Five rando facts about life in 17th century Amsterdam

Just some fun and utterly contradictory things about life in Amsterdam during its Golden Age:

  1. Dutch children were unruly. From the ages of three to about six, the children spent their days outside in the street, largely unsupervised, doing whatever — to whoever — they pleased. They jeered at people they thought looked funny, threw stones and mud at people they assumed to be foreigners. Foreigners, in turn, were scandalized by the rowdiness of the young mob rolling through the streets. But attempts to confront parents about their misbehaving kids were often met with disbelief or anger. No one wanted to believe that their spoiled angel was a problem.
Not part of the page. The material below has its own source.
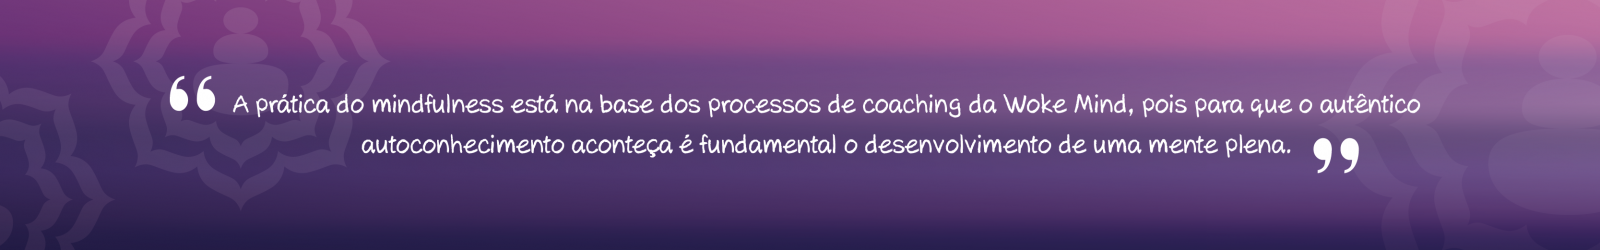 Artigo: O que é Coaching?

  2. Did I say parents were indulgent? Apparently, that indulgence ran out eventually. Amsterdam’s prison was called the Rasphuis and was not just for criminals but lazy people and sons who displeased their fathers. The Dutch were particularly industrious and not only prized hard work, but absolutely disdained those who refused to work. So the Raphuis had an engenius punishment. Those who refused to work were thrown into the building’s cellar, which slowly filled with water. The only way to empty the water — and save their own lives — was to continually work a hand-operated pump.
  3. Women had their own prison — the Spinhuis. It was mostly for prostitutes and daughters who had run away from home, as well as husbands who wanted to get rid of their wives and so accused them of drunkenness or misconduct or whatever they wished to dream up.
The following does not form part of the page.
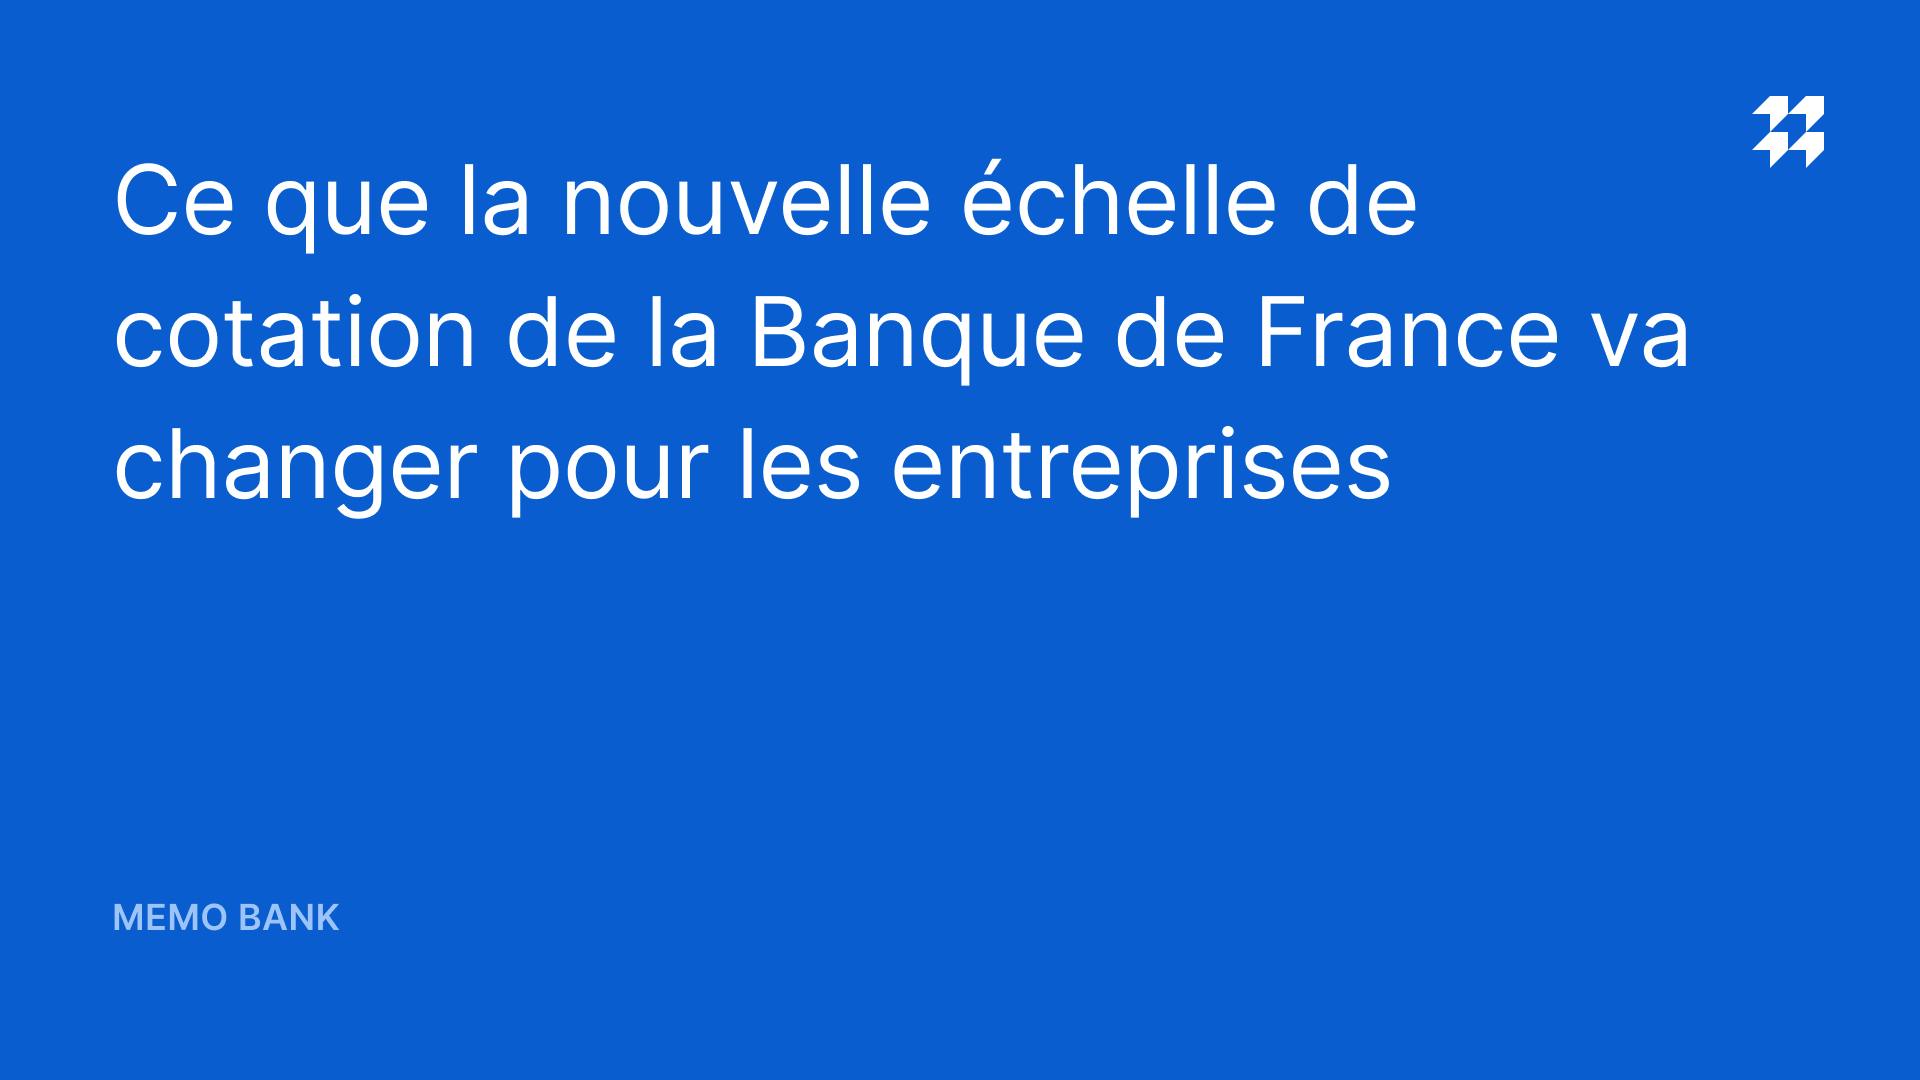 Ce Que La Nouvelle Echelle De Cotation De La Banque De France Va Changer Pour Les Entreprises Memo Bank

  4. It wasn’t just the husbands who could be strict. The Dutch Reformed Church of the time was notorious for frowning on anything fun. Before weddings, it often appointed someone to visit the bride- and groom-to-be to entreat them to not have any dancing at their upcoming nuptials, as dancing was of the flesh and too sinful to be tolerated.
  5. Yet among all the seriousness and piety, the Dutch were swimming in ridiculous wealth. What you’ve heard about Tulipmania is pretty much true. It was the first recorded economic bubble in history. At the height of it, one common Amsterdammer was able to make 60,000 florins (about $3.6 million in 2019 US dollars) just by growing tulips in his courtyard. But in order to do so, home gardeners had to jealously guard their cash crop. Men stayed up all night to keep watch over their bulbs, and some built elaborate theft detection systems outfitted with warning bells to alert them to would-be thieves. Of course, it all came crashing down when buyers fled the market, leaving people who held pricey tulip bulb futures holding the bag. Then, like now, the government stepped in, devising a plan to annul contracts at the price of 10 percent indemnity paid by the buyer to the seller. Even so, many fortunes and future dreams were crushed by the crash.